Denys Eyre Lankester Haynes (15 February 1913 – 27 September 1994) was an English classical scholar, archaeologist, and museum curator, who specialised in the full range of classical archaeology. He was Keeper of Greek and Roman Antiquities at the British Museum between 1956 and 1976. He was additionally Geddes–Harrower Professor of Greek Art and Archaeology at the University of Aberdeen from 1972 to 1973, and, in retirement, visitor to the Ashmolean Museum from 1979 to 1987. He had served in military intelligence during the Second World War.

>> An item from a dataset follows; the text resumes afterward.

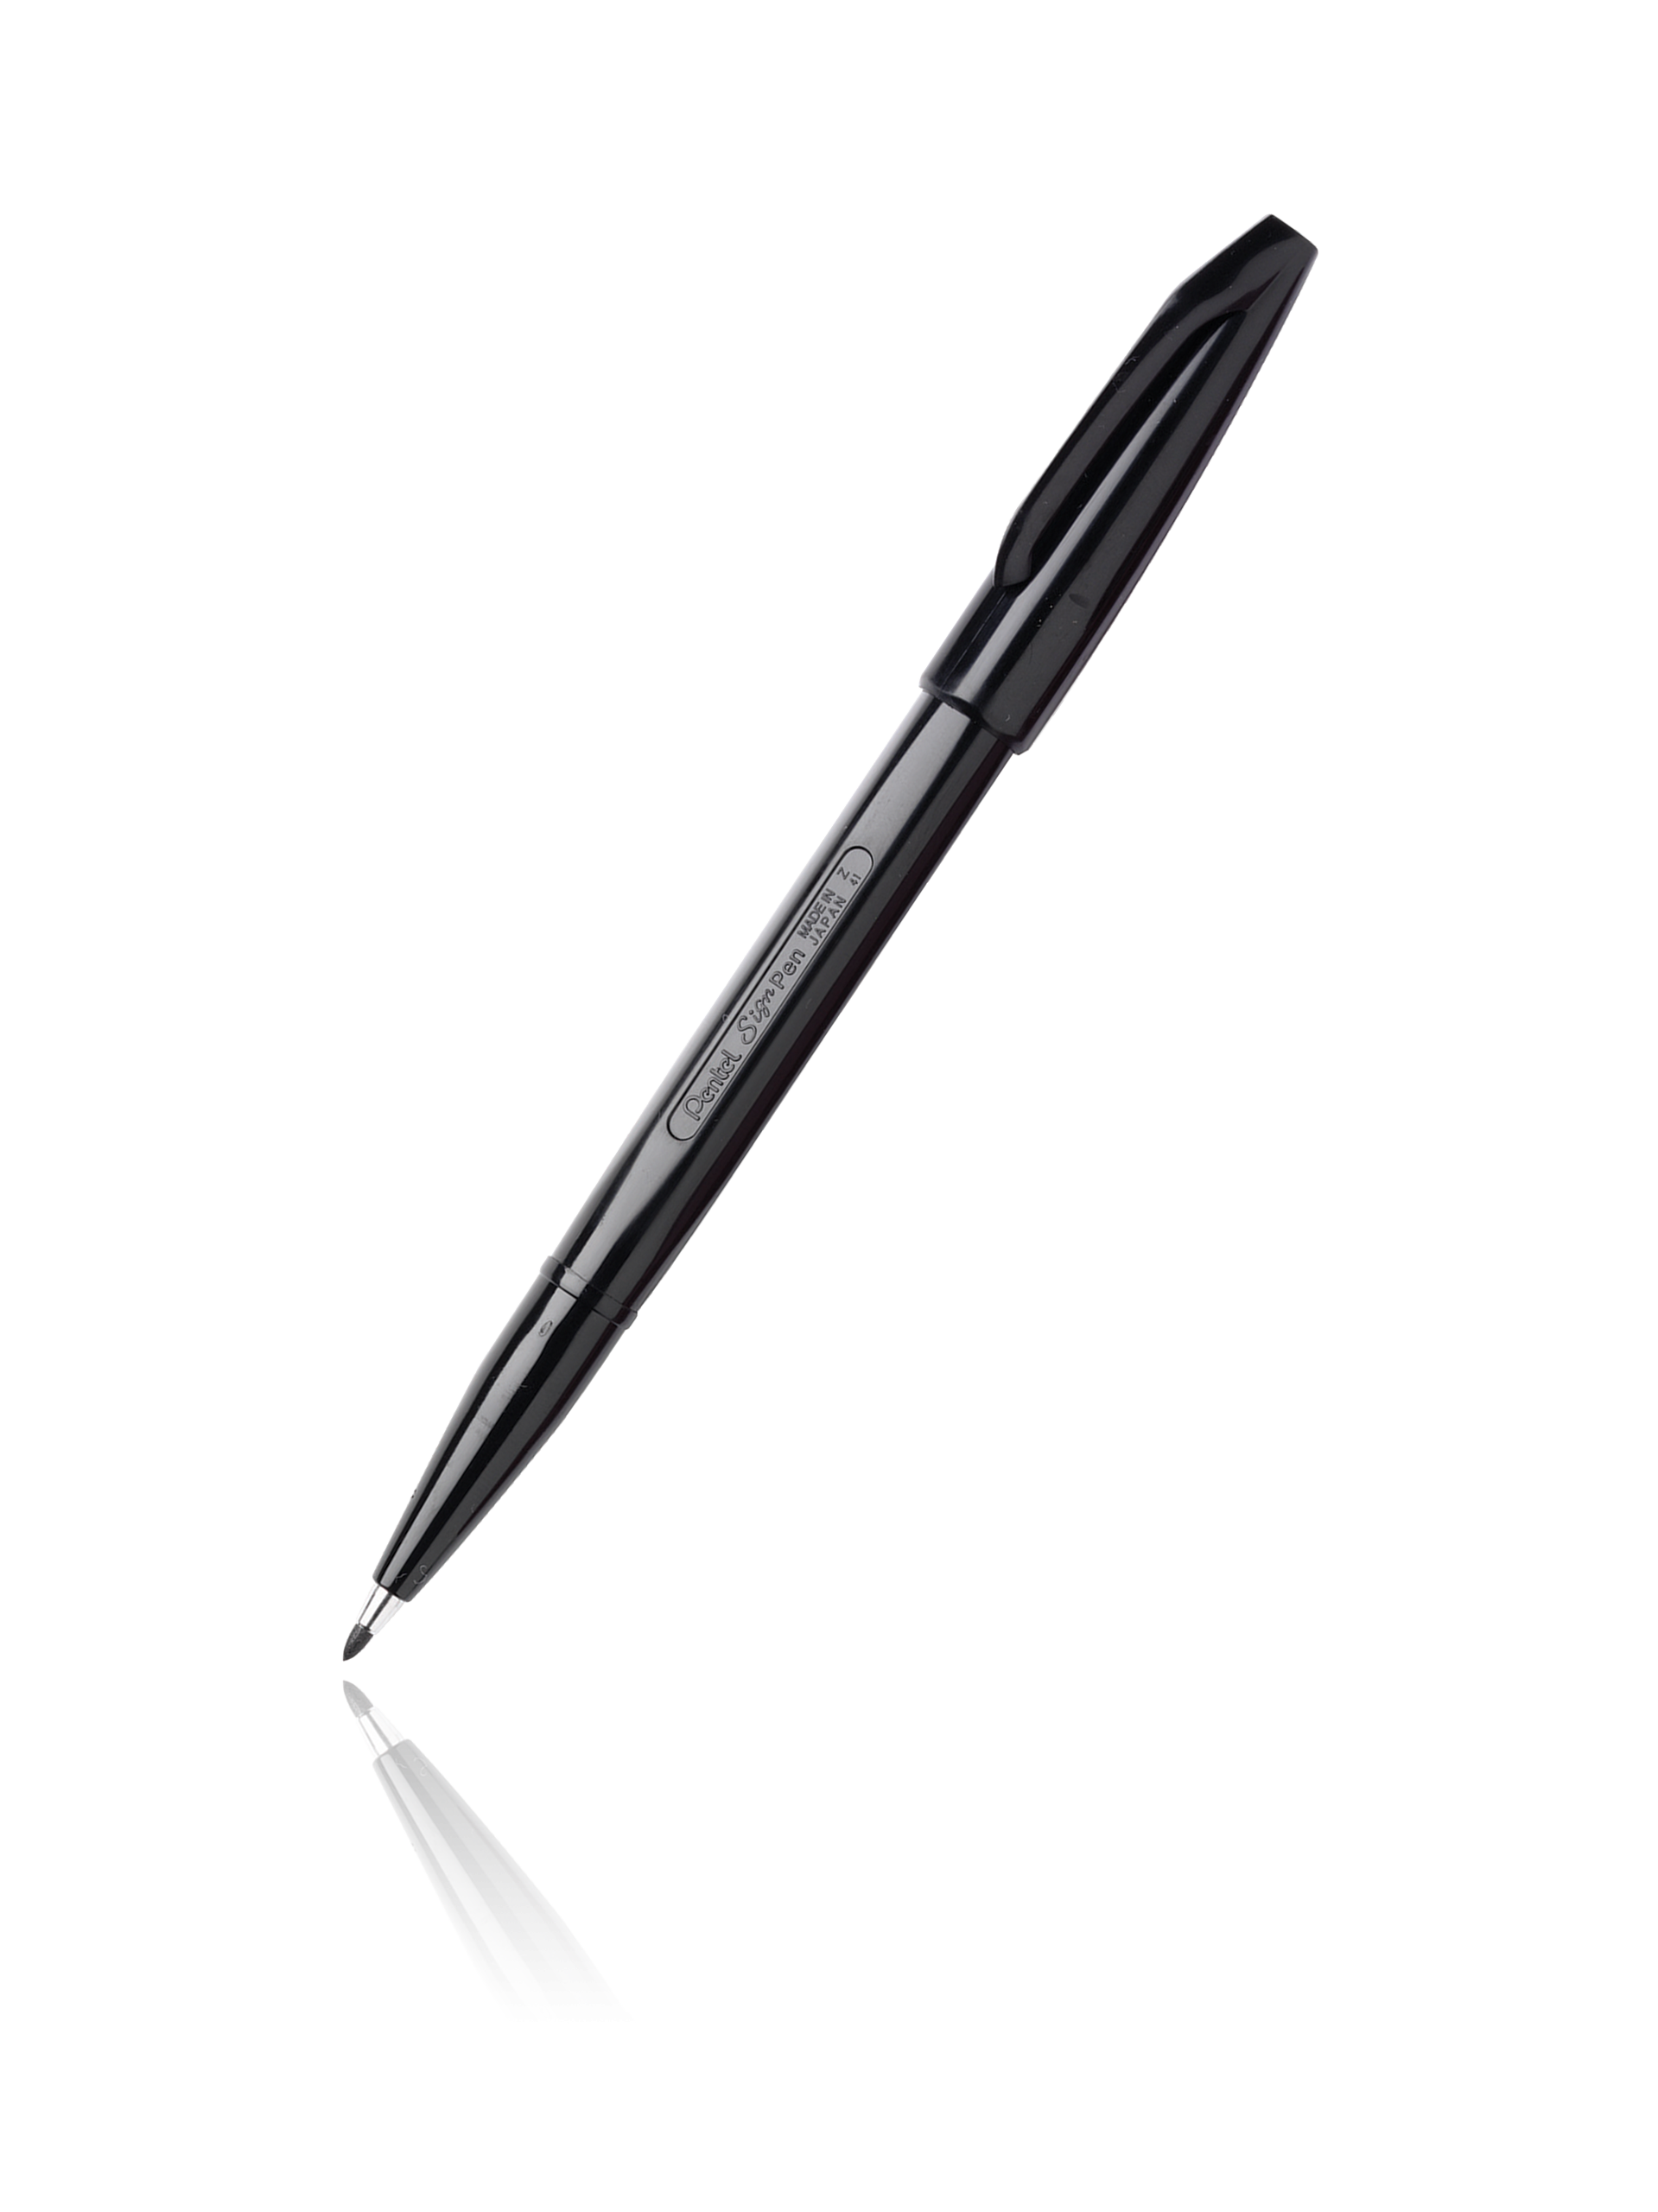 Pentel Sign Pen - the original fiber tipped pen - Pentel

==Early life and education==
Haynes was born on 15 February 1913 in Harrogate, Yorkshire, England. (Note: Some sources say Harrowgate, County Durham, England.) He was educated at Marlborough College, then an all-boys private boarding school, between 1926 and 1932. In 1932, he matriculated into Trinity College, Cambridge to study the classical tripos. He specialised in classical archaeology, and graduated with a first class Bachelor of Arts (BA) degree in 1935. He then undertook a further year of study in Roman provincial archaeology at the University of Bonn.

==Career==
===Pre-war===
Haynes began his academic career as a scholar at the British School at Rome from 1936 to 1937: during this time he undertook research for his first book, Porta Argentariorum, which was published in 1939. In 1937, he joined the Victoria and Albert Museum (V&A) in London, having been appointed an assistant keeper in its Department of Metalwork. He developed an interest in foundry techniques and bronze figures during his two years at the V&A.

In 1939, Haynes was invited to join the staff of the British Museum by Bernard Ashmole, the newly-appointed Keeper of Greek and Roman Antiquities. On 11 April 1939, he was appointed assistant keeper in the Department of Greek and Roman Antiquities: he joined the department in the aftermath of a scandal involving the over-cleaning of the Elgin Marbles. With the outbreak of the Second World War, he was involved in the preparing and packing of the British Museum's extensive collection for safe storage.

===Second World War===
During the Second World War, Haynes was released by the British Museum for war work. On 11 September 1941, he enlisted in the Royal Artillery, British Army. He transferred to intelligence, and worked with the Intelligence Service in the United Kingdom. He also served abroad, having been assigned to the map room of General Harold Alexander during the Italian Campaign. As his intelligence work involved information that had been decoded via the cracked Enigma machine, he could not speak about it, and rarely spoke about his wider war work.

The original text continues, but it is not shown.